Periscopic Technique For Right Ventricle To Pulmonary Artery Conduit During The Norwood Operation
Ralph Mosca1, Richard Ohye2, David Williams1, Puneet Bhatla1, Shawn Thomas1, Luv Makadia1, TK S. Kumar1.
1NYU Langone Health, New York, NY, USA, 2University of Michigan, Ann Arbor, MI, USA.
Objective(s): In this video, we describe the periscopic technique (PT) for placement of the right ventricle to pulmonary artery (RV-PA) conduit in Norwood operation as an alternate method to the traditional technique (TT) to minimize the effects of ventriculotomy.

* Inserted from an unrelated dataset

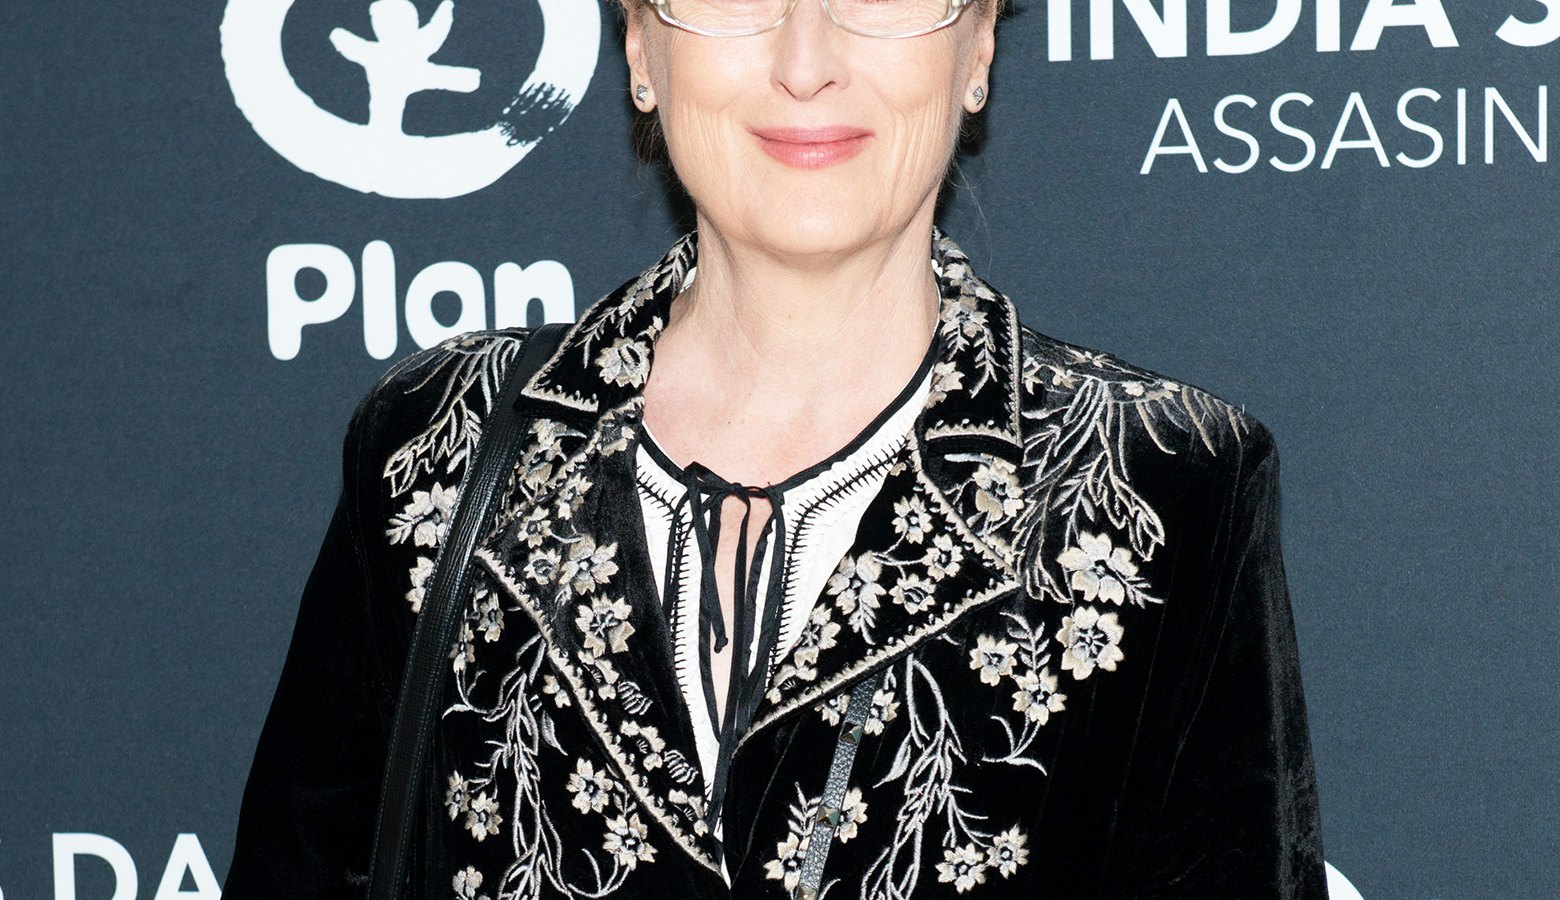 Meryl Streep is lobbying Congress over equal rights for women

Methods: In the Norwood operation, the proximal connection of the RV-PA conduit was performed following transection of main PA during the cooling phase of cardiopulmonary bypass. In the PT, a stab wound was created in the RV outflow tract and gently stretched. A right angle was then passed through the RV outflow tract and out the divided PA. The appropriately tailored and marked conduit was then pulled gently in a retrograde fashion through the RV stab wound. No muscle was excised from the RV at any point. The distal connection of the RV-PA conduit was established by dunking it into a fenestration in the patch over the distal PA bifurcation. We retrospectively reviewed our experience of RV-PA conduit placement using the TT versus PT and compared postoperative RV function using standard statistical methods. Echocardiograms were reviewed by a blinded experienced imager for quantification of RV function (infundibular ejection fraction (EF)) as well as for regional conduit site wall dysfunction
Results: 8 patients underwent TT and 14 patients underwent PT. Mean infundibular RVEF was 34% and 49 %( p=0.02) respectively. Similarly qualitative regional RV wall function was better preserved in PT (p=0.001).
Conclusions: Usage of PT for RV-PA conduit placement in Norwood operation is associated with better preservation of RV function.